The French Secretary of State for Tourism has called on ski resorts to explore new ideas for the mountain. He thinks tourism should take greater account of the environment and rely less on “white gold” - downhill skiing. Speaking to journalists during the opening of a new weather station on the emblematic Aiguille du Midi at Chamonix he said that “what worked in the past will not necessarily work in the 2015-2020 time-frame, we need new ideas… ski resorts need to face up to reality”. Visitor numbers to ski resorts dropped 7.1% during last winter and numbers are down 10-15% this summer due to the difficult climatic conditions. According to Marc Saddier, who represents 250 French ski resorts, the climate warmed 1.5C during the last century and this has raised the snowline by 250 meters. Every extra degree will see the closure of 100 ski resorts, he claims. Last winter saw the closure of Céüze and Abondance and a financial crisis at Transmontage.

Further Information

[1]Dry bulb temperatures must be -2 to -4C to make snow, it is possible to make snow around 0C in dry climates.

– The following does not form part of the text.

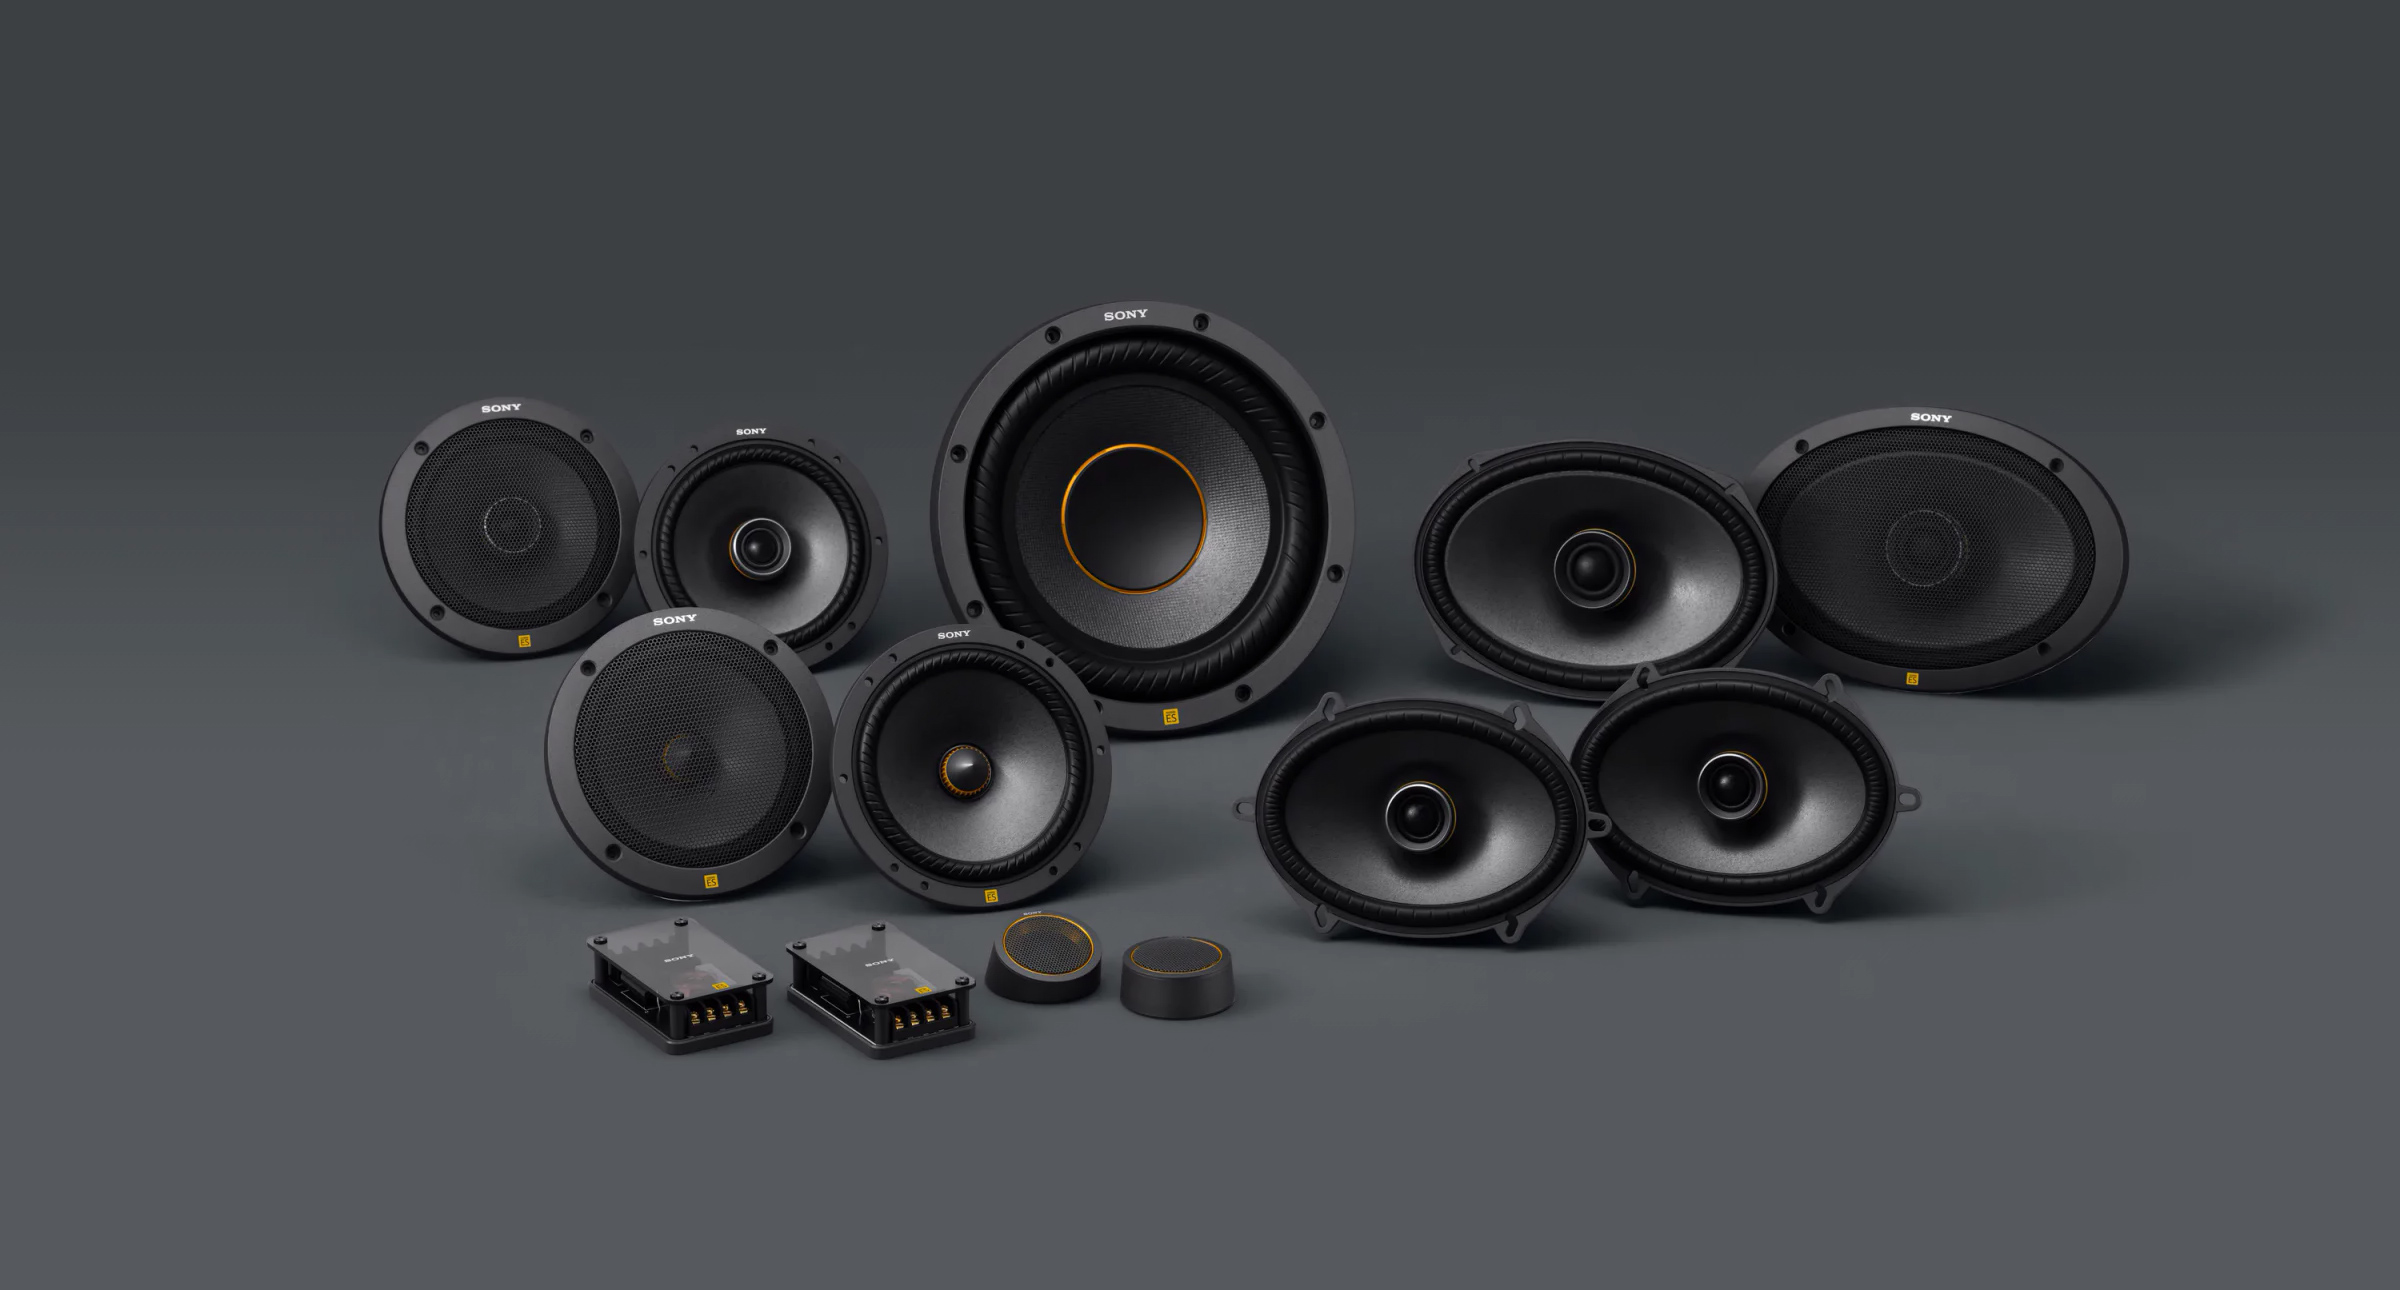 Sony prezentuje nowe głośniki samochodowe Mobile ES - świetna jakość dźwięku i najnowsze technologie
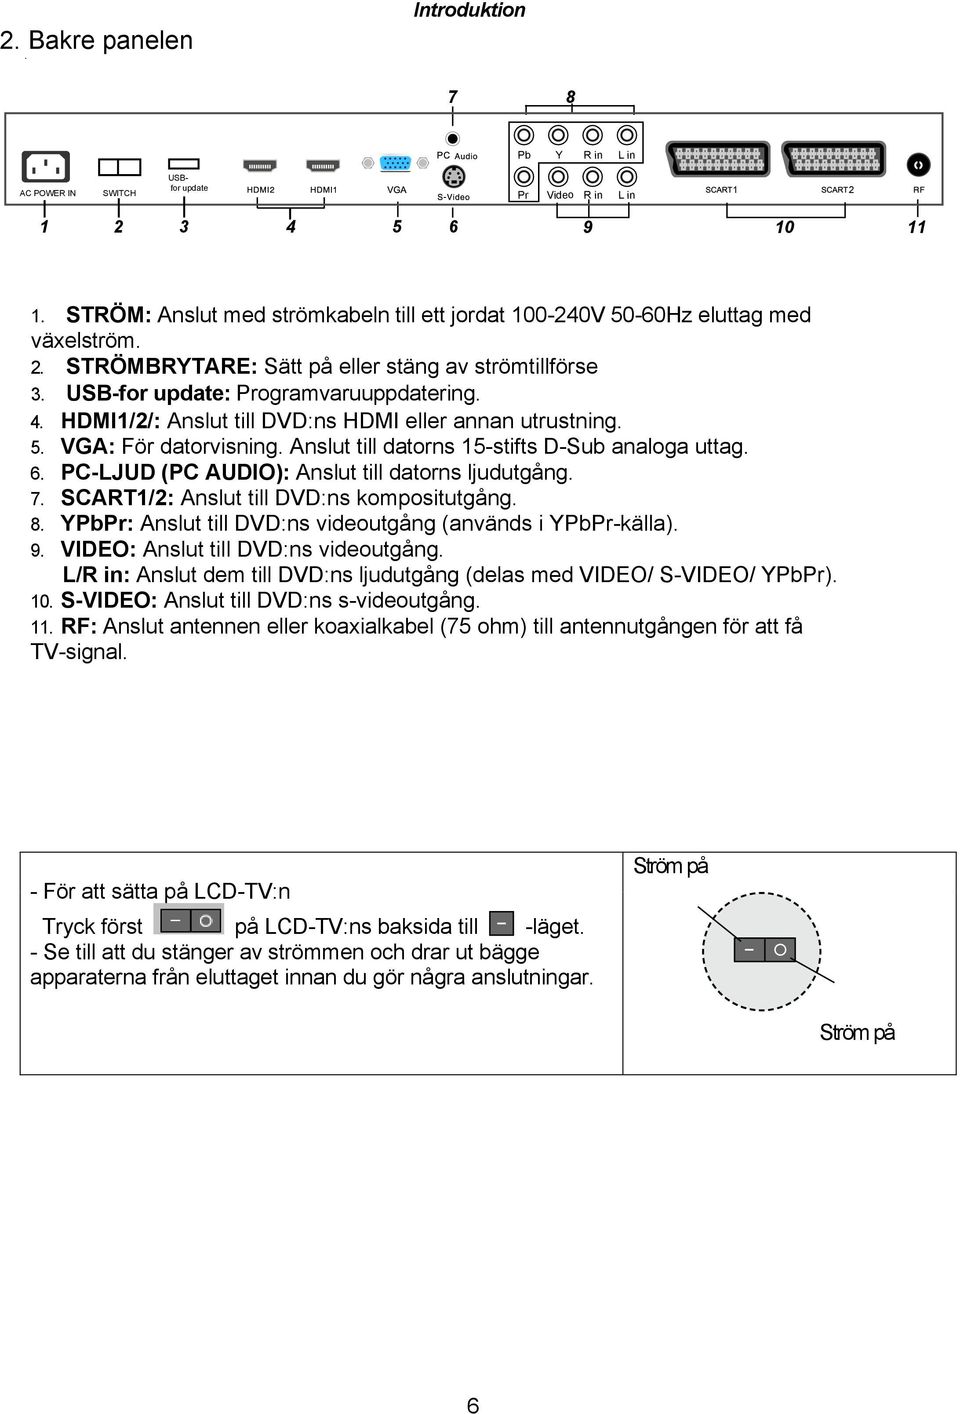 HDMI1/2/: Anslut till DVD:ns HDMI eller annan utrustning. 5. VGA: För datorvisning. Anslut till datorns 15-stifts D-Sub analoga uttag. 6. PC-LJUD (PC AUDIO): Anslut till datorns ljudutgång. 7.

Ste Foy doubles size of ski domain
les Arcs doubles snow makiing
Savoie dries out

Posted by davidof on Tuesday, 24 July, 2007 at 12:56 PM

As an aside Mr Gaymard’s father was a cobbler who made ski boots for the Goitschel sisters. Mr Gaymard had to leave office after it emerged that he was living in a 600 sq m. State apartment in Paris that he had also had redecorated at the tax payer’s expense. He repaid this money after leaving office.

Posted by davidof on  Tuesday, 24 July, 2007  at 01:50 PM

Another aside - the article refers to the recent doubling of the articifial snow production capacity at Les Arcs, but this apparently disproportionate increase in comparison to other resorts is mainly a result of it lagging far behind in terms of acreage covered, simply because the water supply has been insufficient to date. Now a massive new reservoir is planned, increasing overall supply, and as a consequence the demand on current sources will not be greatly affected…

Posted by Peter Garwood on  Wednesday, 25 July, 2007  at 09:19 AM

Maybe the farmers in the Tarentaise Valley need to face upto the fact that their local economy benefits more from skiing than agriculture. Maybe the need to rezone agriculture to just those areas that create high valued added products such as around Beaufort.

I can’t imagine that there are a bunch of unsubsidised farmers there restrained in there expansion plans by a lack of water.

Some ski facilities are obviously subsidised but that is a loss leader to bring in other sales. Cheese tourism is not such a big market.

Posted by  on  Thursday, 26 July, 2007  at 08:37 PM

That’s a good point, it may be that water is better used to make snow and feed tourists than grow grass. However stopping mountain farming may have unintended consequences. For example ungrazed grassy slopes are more avalanche prone.

Pete is right about les Arcs. I think they only have around 20km of pistes with snowmaking out of some 250. However I seem to remember reading on Pete’s own website that they intend to expand snow making to 50% of the domain in the next decade.